= Jinqianbo =

Jinqianbo (金钱伯; lit. 'Uncle Money') is a deity associated with wealth and prosperity in Chinese folk religion. The name Jinqianbo translates to "Uncle Money" or "Elder of Wealth". He oversees incense money transmission from the living realm to Diyu, the realm of the dead and is often venerated as a god of wealth or a guardian of financial fortune.

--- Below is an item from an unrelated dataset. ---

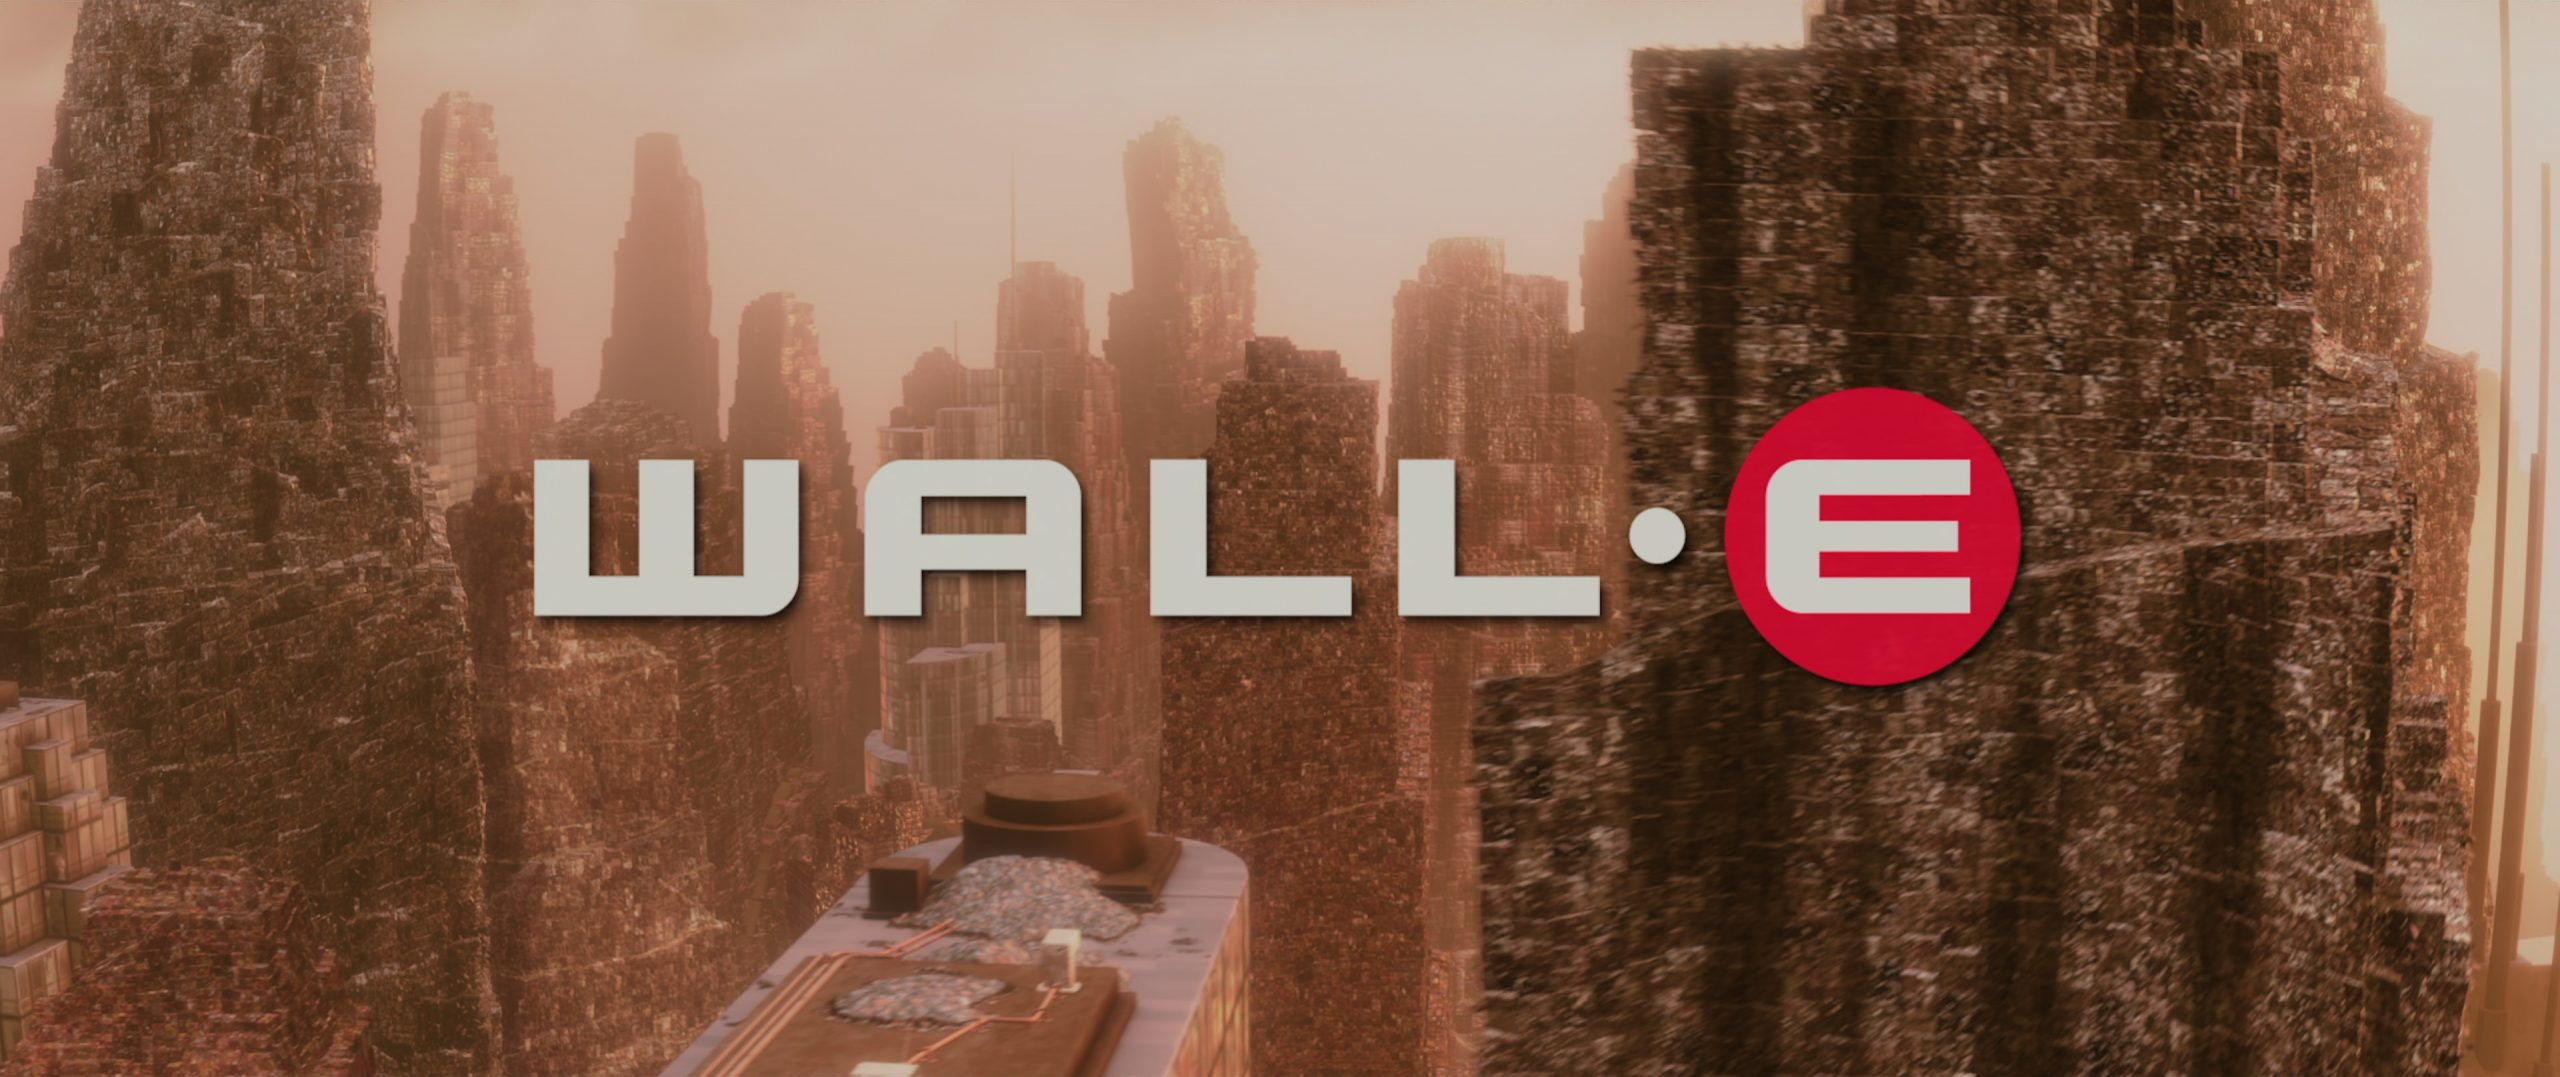 WALL·E (2008) [4K]

In Chinese folk beliefs, there are numerous deities related to wealth and prosperity, such as Caishen (财神, the God of Wealth) and Bi Gan (比干, one of the incarnations of Caishen). While Jinqianbo is not as widely recognized as these major deities, he may be a localized or regional figure worshipped in certain areas, particularly in southern China or among Chinese diaspora communities.

== Etymology ==
The title "Bo" (伯) is an honorific term meaning "uncle" or "elder," often used to show respect for deities or ancestors. "Jinqian" (金钱) means "money" or "wealth," indicating that this figure is closely associated with financial blessings and material success.

==Legend==
According to a local legend, Jinqianbo (金钱伯; "Uncle of Money") was based on Li Shaoxing (李绍兴), who was born in 1650 during the Qing dynasty. Li came from a merchant family and was raised in a Buddhist household. He later became a government official and served as the Prefect of Shaozhou, where he was known for helping the poor. After leaving office, he studied Taoism and later became a monk. After his death, Li was said to have been appointed by the Jade Emperor as the "Treasurer of Wealth and Fortune", responsible for managing the money and valuables sent by the living to their deceased ancestors. According to the legend, he also helped the descendants of the deceased by providing financial assistance, including lottery numbers, unclaimed money, and opportunities for promotion. Jinqianbo is commonly depicted holding gold ingots and a jade scepter, and people pray to him for wealth and prosperity. The legend also associates his blessings with filial piety toward one's ancestors.